食事をする彼らに疲弊は見えるが、顔色は悪くない。食料がしっかりと行き届いている証拠だ。
それもその筈、彼らの食べている料理の中身は、殆どがモンスターを材料としている。
現代食料の確保すら難しくなった彼らにとって、討伐すると食糧にもなるモンスターの存在はとても大きかった。
モンスターのせいでこんな苦しみを味わっているのに、モンスターのおかげで生き延びているとは、何とも皮肉なものだ。
今ここグアムでは、保護された避難民がビーチ沿いに立ち並ぶホテルを数棟に分け暮らしている。
総数は約5000。生き延びた軍人を中心に部隊を組み、襲撃に対応しつつ内部崩壊が起きないように纏めているのが現状である。
そんなホテルの1室、豪華なスイートルームにて、片目に眼帯をした全身傷だらけ筋骨隆々の巨漢が、裸のままデスクに置いた地図を眺めていた。
後ろのベッドで女性がシーツを手繰り寄せながら、もそもそと身体を起こす。
「……
「Map.……個々の力も付いてきた。そろそろ南の方に足を伸ばしてもいいかもしれない」
ウィリアムの言葉を聞いた女性はベッドから降り、甘えるように身体を寄せる。
「そんなに急がなくてもいいんじゃない?こうやって安全に暮らせてるんだし、本土から助けが来るまでここにいましょうよ?……ね?」
誘惑するように耳元で囁く女性は、
「っひ」
しかし次の瞬間ウィリアムの鋭い眼光に射すくめられ、短い悲鳴を上げた。
「お前が安全に暮らせているのは誰のおかげだ?お前は戦線に立って皆を守ったことがあるか?
この小さな島国にも、まだ俺達のように、脅威と戦っている人間がいるかもしれないんだ。

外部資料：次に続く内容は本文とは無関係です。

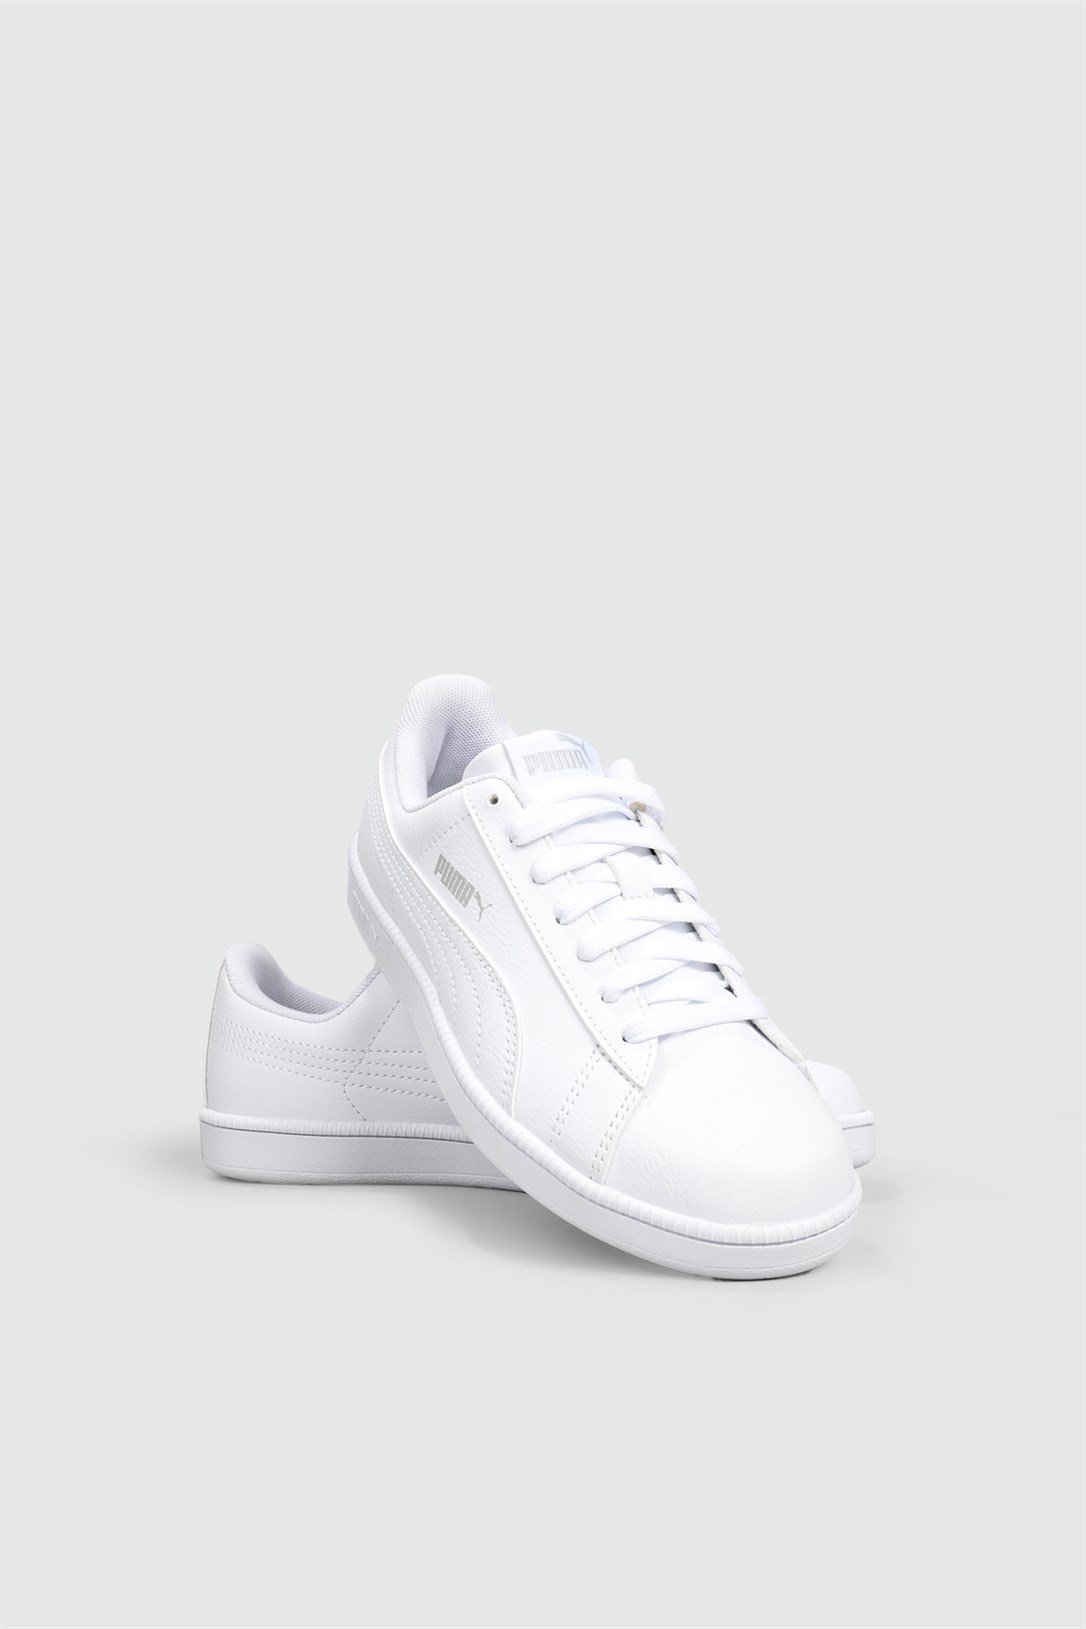 Puma Günlük Rahat Bağcıklı Beyaz Beyaz Unisex Spor Ayakkabı 373600-04 |  Ayakkabı City

俺は弱者に戦闘を強要しない。だが命を張っている人間に、身体を売るしか能のない奴が指図するな」
「っご、ごめんなさい」
「出てけ。邪魔だ」
急いで服を着て部屋から出てゆく女性を尻目に、ウィリアムは窓の外を眺める。
ガラス越しに広がる美しいオーシャンビュー。
どうしてか海から襲ってくるモンスターはいないため、海を背にしたここタモンのホテルは防衛にもってこいの場所だった。

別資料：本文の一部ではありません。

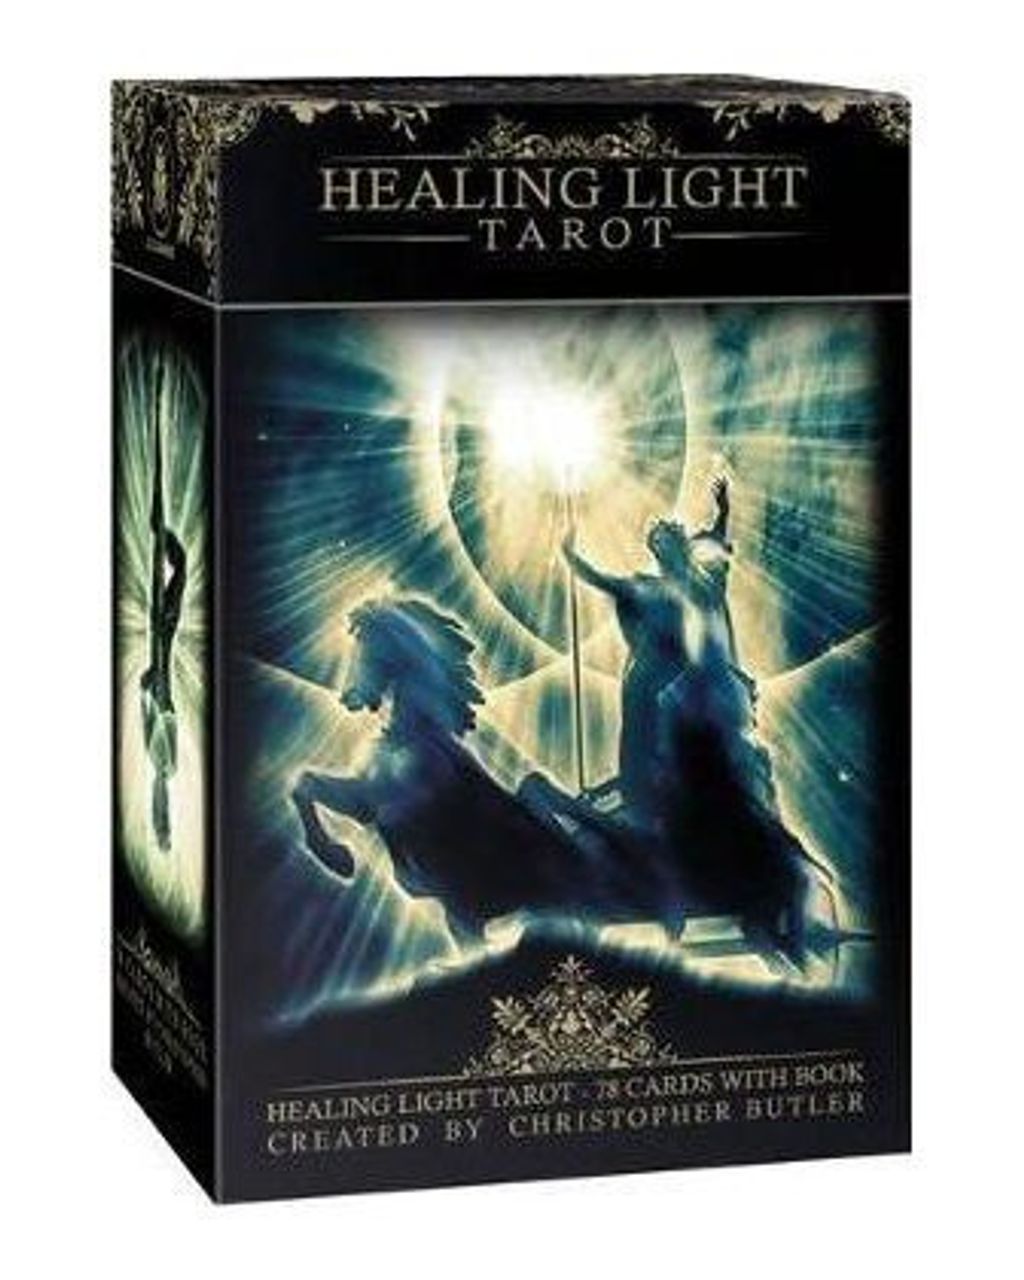 療癒之光塔羅：Healing Light Tarot.jpg

そして眺める海のその先には、突如現れた新大陸がある。
ここグアムは新大陸に囲まれているせいで、各国との連絡が途絶えた今、他国に救援を求める場合どうしてもあそこを通る必要がある。
新大陸がどれ程続いているのか分からないが、距離的にも国力的にも、1番現実的なのは同盟国であるJAPANへの要請。
そのためには、今の自分含め最低でもあと2人、あそこを通れるだけの力が必要だ。
実力者は着実に育ってきている。あと少しの辛抱……。
「……?」
そうウィリアムが考えていた、その時だった。
新大陸とグアム島の間、エメラルドグリーンの海に、黒い点がポツポツと見え始めた。
正体の全貌は見えないが、その数は加速度的に増えてゆく。
「まさか海から?」
ウィリアムは即座にズボンとブーツを履き、上裸の上から軍服を羽織る。
同時に2つの無線機がけたたましく鳴った。
「どうした」
『北方よりモンスターの軍勢が進行中!数は約300!』
『南方も同じです!数は約300!あと10数分で我々の拠点にぶつかります‼︎』
「……タモン湾沖に無数の影が見える。恐らく全てモンスターだ」
『『――⁉︎』』
ウィリアムは地図を見ながら高速で頭を回転させる。
「……こうなった以上仕方がない。北と南に仕掛けていた爆弾を全て起爆、進行を遅らせろ。ビーチ側、西方に戦力を集中させて1点突破、海に出る」
『避難民はどうしますか⁉︎』
「用意していた客船に乗せろ。俺たちは防衛の後ボートで出るぞ」
『『了解!』』
即座に伝達された緊急事態に、ホテル中が慌ただしくなる中、ウィリアムは窓を開けバルコニーからビーチに飛び降りる。
……3方向からの挟撃。明らかに首謀者がいる。
「……『White devil』か?」
彼は眼帯をなぞり、嘗て戦った白いモンスターのことを思い出す。
モンスターを押し返していたグアム駐留のアメリカ軍がここまで減ってしまったのも、あの『白い悪魔』のせいだ。
あの時は紙一重で勝利したが、奴は恐ろしく強く、加えて頭も切れた。軍勢を指揮する個体が現れてもおかしくない。
隊列を組む部隊。
バシャバシャと浅瀬に足をつき上陸するモンスター。
ウィリアムは無線に口を当て、
「……
手始めに数100発のロケット砲で歓迎の挨拶を送った。